Threshold ──► Higher (more permissive)
  • Fewer inputs flagged as harmful
  • Precision increases (fewer false positives)
  • Recall decreases (miss more real attacks)
  • Safety risk increases

Finding the right threshold is not a technical decision — it is a risk management decision that should involve product, security, and business stakeholders.

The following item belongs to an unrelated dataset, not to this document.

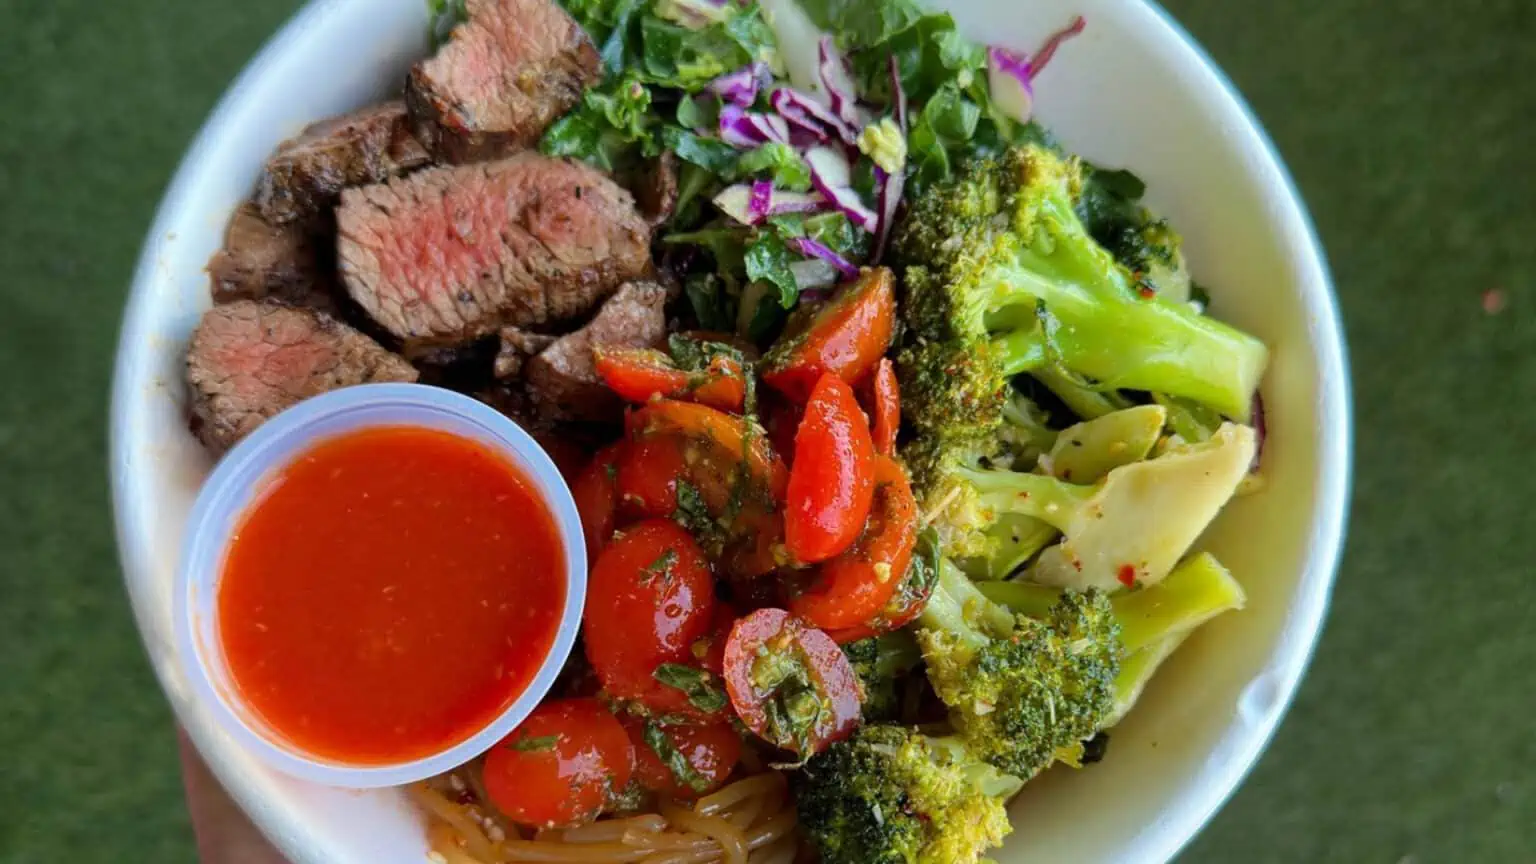 A fresh kitchen bowl with steak, tomatoes, broccoli, and more

Scenario	Threshold Strategy	Target Metrics
Medical chatbot	Aggressive (low threshold)	Recall > 0.95, accept precision ~0.80
Financial advisor	Aggressive (low threshold)	Recall > 0.93, accept precision ~0.85
Customer support	Balanced	Precision ~0.90, recall ~0.88
Creative writing tool	Permissive (high threshold)	Precision > 0.95, accept recall ~0.75
Internal dev tool	Permissive (high threshold)	Precision > 0.97, accept recall ~0.70

False Positive Rate: The User Friction Metric

The false positive rate (FPR) directly measures user friction:

FPR = FP / (FP + TN)

FPR tells you what percentage of legitimate requests get incorrectly blocked. Even a small FPR creates significant friction at scale:

FPR	At 100K legitimate requests/day	Impact
0.1%	100 users blocked	Manageable — users retry and succeed
0.5%	500 users blocked	Noticeable — support tickets increase
1.0%	1,000 users blocked	Significant — user trust erodes
2.0%	2,000 users blocked	Severe — users seek alternatives
5.0%	5,000 users blocked	Critical — guardrail credibility destroyed

When FPR exceeds ~2%, something predictable happens: engineering teams start pushing to disable the guardrail because the user complaints outweigh the perceived security benefit. This is the paradox of overly aggressive guardrails — they get removed, leaving zero protection.

False Negative Rate: The Safety Gap Metric

The false negative rate (FNR) measures the safety gap:

FNR = FN / (FN + TP)

FNR tells you what percentage of actual attacks get through undetected. This is the critical risk metric — every false negative is a potential harm event.

Unlike false positives, false negatives are often invisible. A blocked user complains. An undetected attack may never be noticed until it causes harm. This asymmetry means FNR requires active measurement through labeled evaluation sets, red teaming, and anomaly detection.

Latency Percentiles

Guardrail latency directly impacts user experience. Report latency as percentiles, not averages — averages hide the long tail that real users experience.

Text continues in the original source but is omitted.